Sylvia Aslaskan, owner of Miss Ella’s Cake Bar, an appointment-only custom bakery, practices her kitchen work as a means of accessing her higher self and building the village she didn’t always have growing up. The joy that baking birthday cakes brings her is evident in each exuberant design. “It’s not about a specific flavor necessarily, it’s about seeing a kid light up,” she says. “When you are never celebrated, you can grow up thinking no one cares. Circumstances shouldn’t define whether we get celebrated or not.” With each and every birthday cake, Aslaskan says, “toxic cycles that were created before you get to be routed in a new direction.”
Baking is sensory and tactile for Carrie Seward, founder of Lush Life Vegan Bakery. When she enters the kitchen, the “click” of the mixer switch flipping on drops her into another state. Her hands, which she considers her energy center, get busy—kneading dough for cinnamon rolls or stirring cake batter. It is through her hands that she is able to “channel unconditional love” into each item she bakes. Seward’s bi-racial background informs her perspective on the way assumptions, perceptions, and ignorance can hinder authentic connection, but she sees cake as common ground: “Everybody loves cake! It’s the great leveler!” she says. “It’s not my job to educate people, but I try to make my cakes for everybody. I have many different kinds of customers from many different backgrounds. They all show up because of the love I put in.”
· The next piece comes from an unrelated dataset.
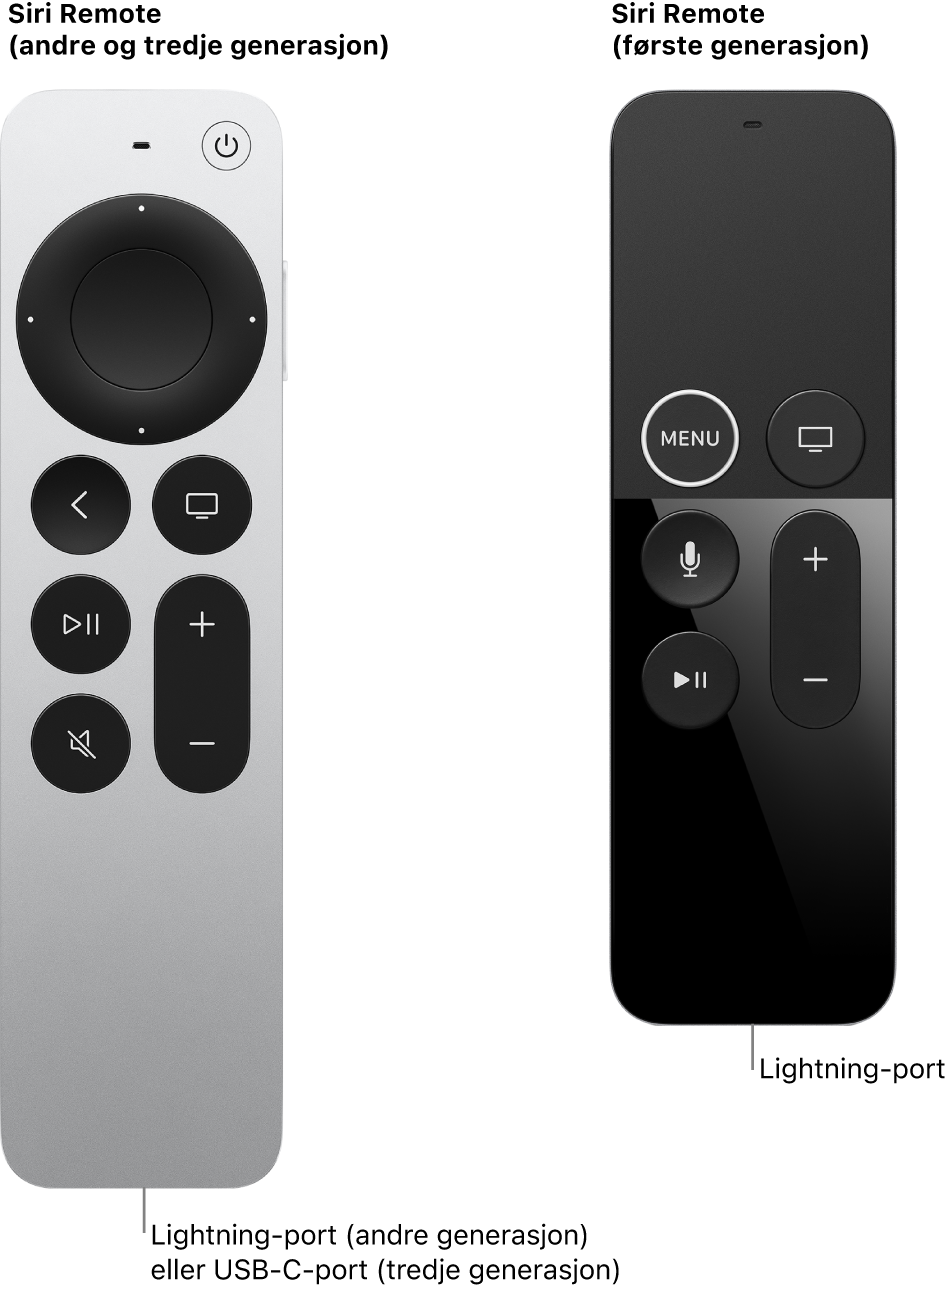 Bilde av Siri Remote (andre og tredje generasjon) og Siri Remote (første generasjon) som viser tilkoblingsporten
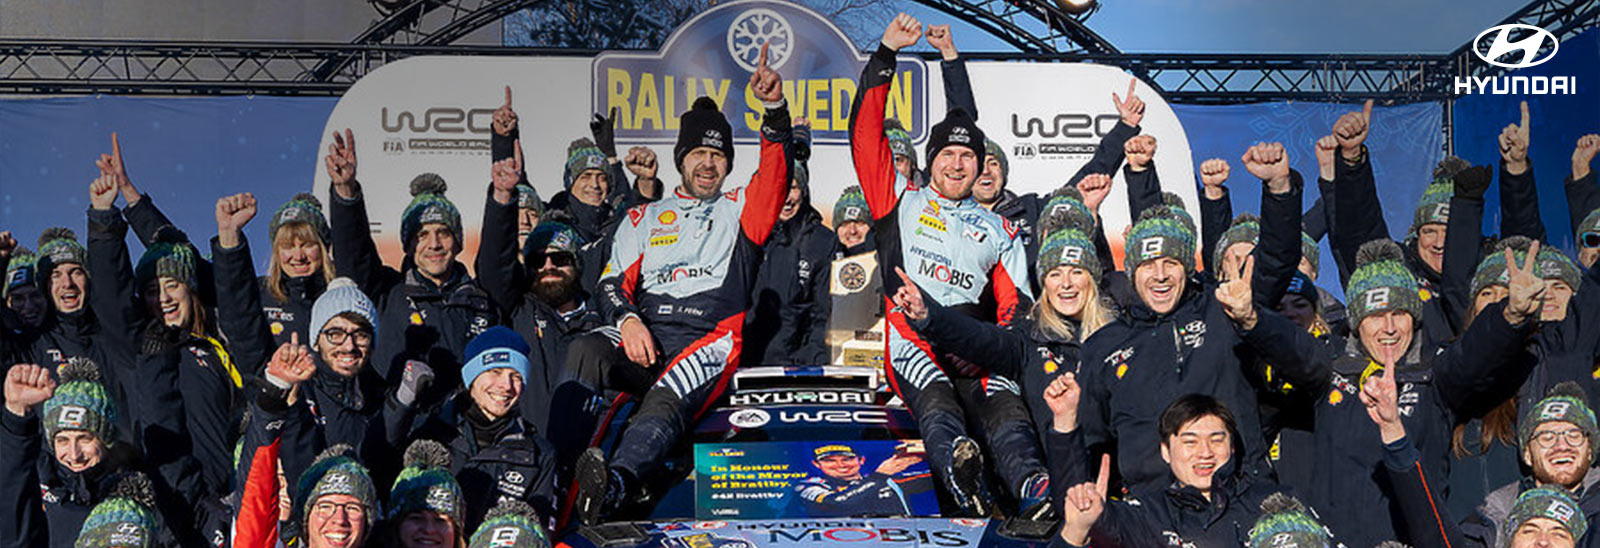 Dulce éxito en el WRC de Hyundai

We don’t have to do this work professionally to understand baking as a space of active resistance and personal renewal. As an educator, writer, health advocate and founding CEO and President of The Foundation for Black Women’s Wellness, Lisa Peyton Caire doesn’t have as much time as she’d like for baking. Still, she notes, “Cooking has been the first love for many of the women in my family,” and the kitchen the heart center of every home. In addition to baked chicken and rice, greens and mac and cheese, Caire remembers sweet potato pie, cherry pie, and her mom’s peach cobbler among her family’s food traditions. When she does take the time to bake her organic, low-sugar version of her mom’s cobbler, Caire, “spirit-surrounded,” is able to re-center and reset. When baking “you are breathing in a different way, you are moving at a slower, more intentional pace, your mind is clear,” she says “And you’ve created something that allows you to transfer healing to your family and acknowledge your roots.”
For me, at least right now, that acknowledgement is taking the form of lemon meringue pie. Apart from maybe the local eggs and butter, this classic has little direct connection to the Wisconsin terroir, but an ice cold slice is the perfect thing to eat on a warm summer evening while social distancing. It’s also a dessert I remember my mother making with joy and natural ease. Young me marveled at how she proceeded with no written recipe, how her slender fingers so deftly worked butter into flour for luxurious flakes, and how her piled-high meringue sometimes toppled (!) but never wept. Now, I marvel at how a woman continually navigating complicated and often inhospitable terrain worked to make a way for us. She leveraged her kitchen work to carve out spaces of care and delight—sometimes even in the midst of difficulty and upheaval. When I re-enter something that feels like a regular timeline and am again baking in sync with what is perfectly ripe, this ability is what I’ll want to bring with me. My mom and the Black women in my community remind me that what you bake against always, essentially, comes down to who you're baking for.